Project Start-up: The Business Plan

Meet the stars of Unlimited's new six-part series

By Marzena Czarnecka

In the beginning, there was a real estate developer with insomnia. “I hoped I’d get a project done in six months. It took a year. I hoped it would cost $250,000. It took half a million,” says Ben Bertrand, now 25. “Every night I tossed and turned about how slow it was going.” With numerous trades and workers, each step of construction depended on the one before it. If one crew was slower – or worse, absent –  the project came to a standstill.
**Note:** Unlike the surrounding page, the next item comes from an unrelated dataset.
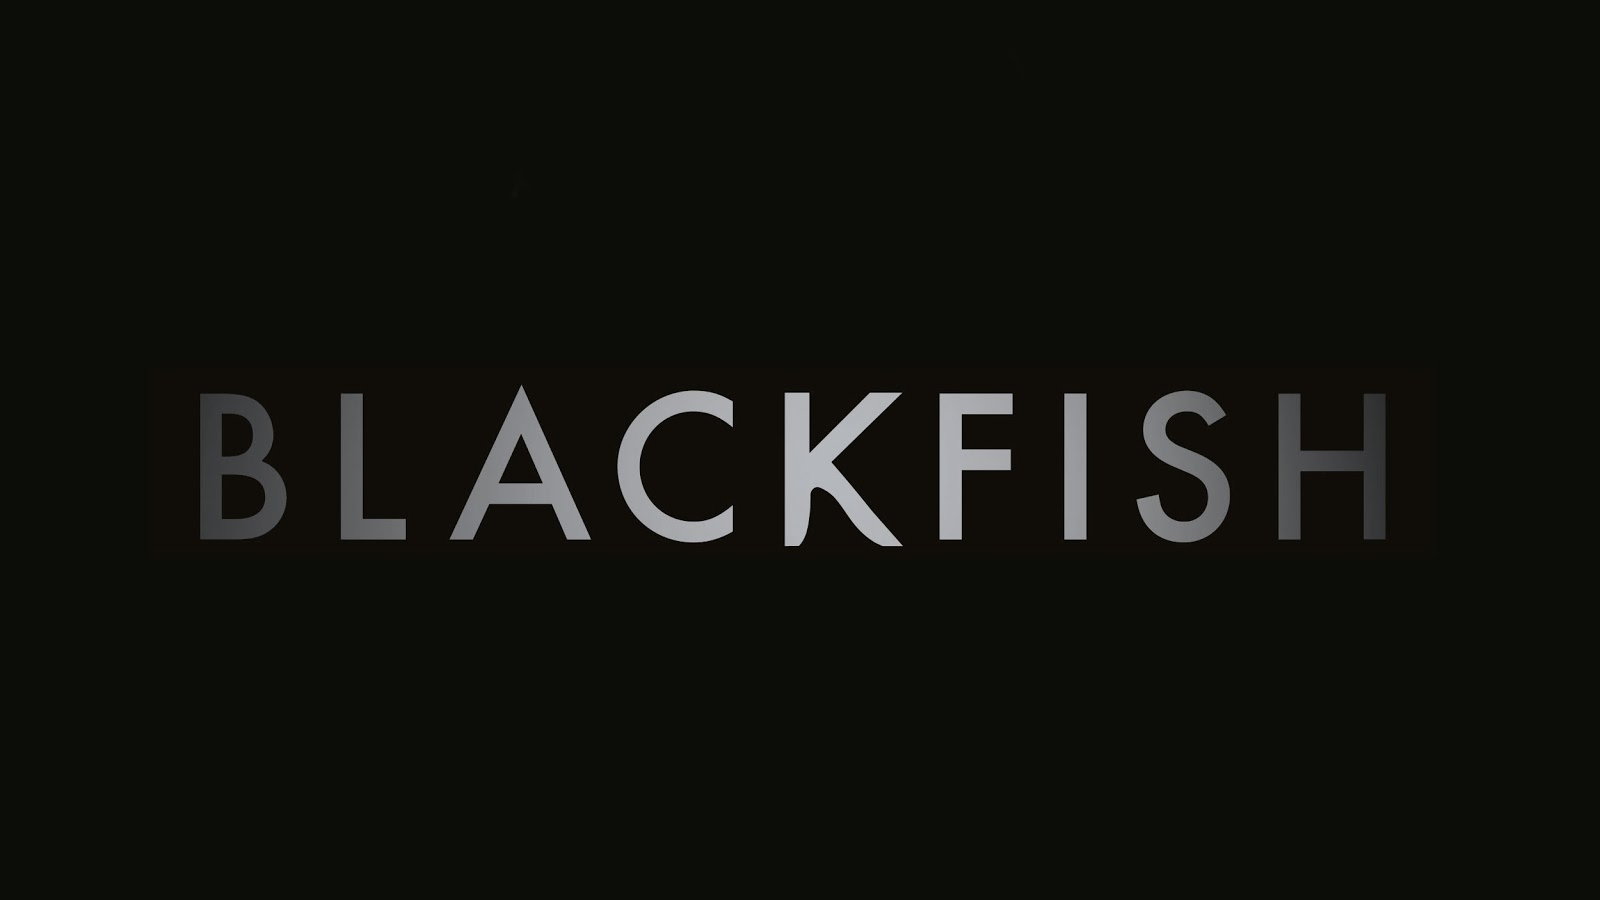 Let S Think Critically Blackfish The Power Of Film
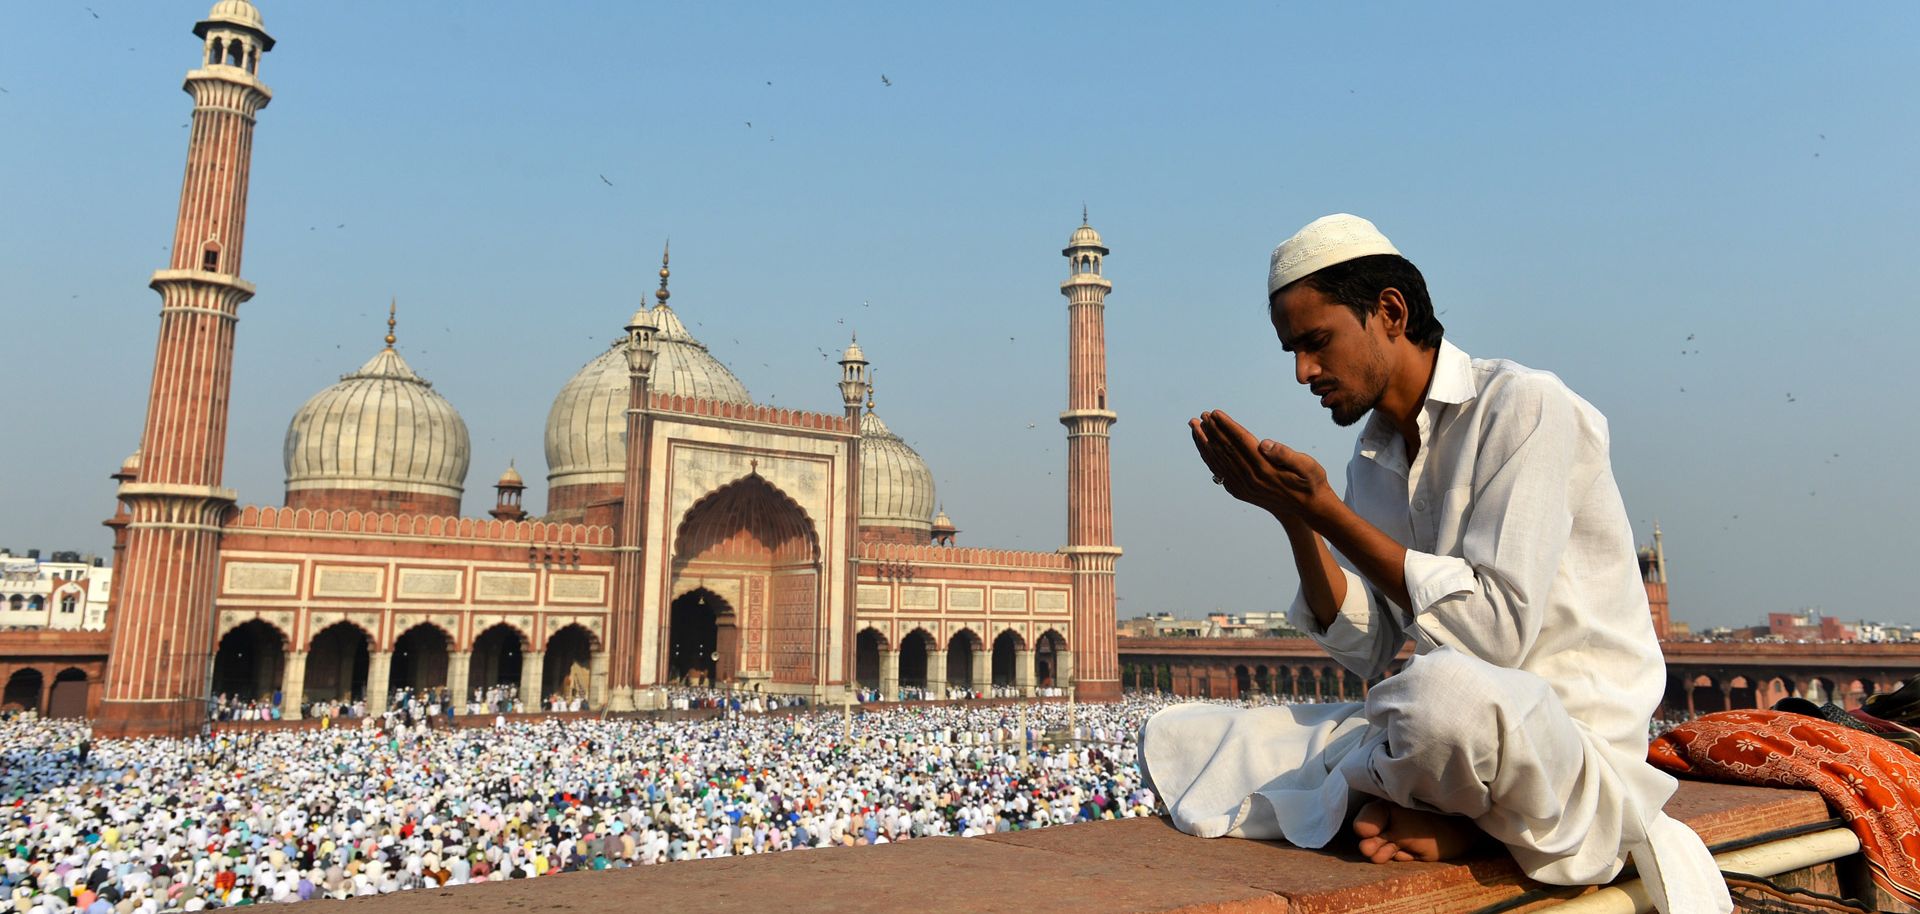 An Indian Muslim devotee offers prayers during Eid al-Adha at Jama Masjid in New Delhi on October 6, 2014. Muslims across the world are preparing to celebrate the annual festival of Eid al-Adha, or the Festival of Sacrifice, which marks the end of the Hajj pilgrimage to Mecca and in commemoration of Prophet Abraham's readiness to sacrifice his son to show obedience to God.

One night, I had a eureka moment. I had a better way.” That better way was the Geometric Construction System (GCS), a 20-foot-long machine to instantly construct walls, floors and roof panels – outfitted with wiring, plumbing and other systems. Insert materials in one end and the finished panels would pop out the other. The GCS had the potential to revolutionize construction, and Bertrand went looking for angel investors to help him build it.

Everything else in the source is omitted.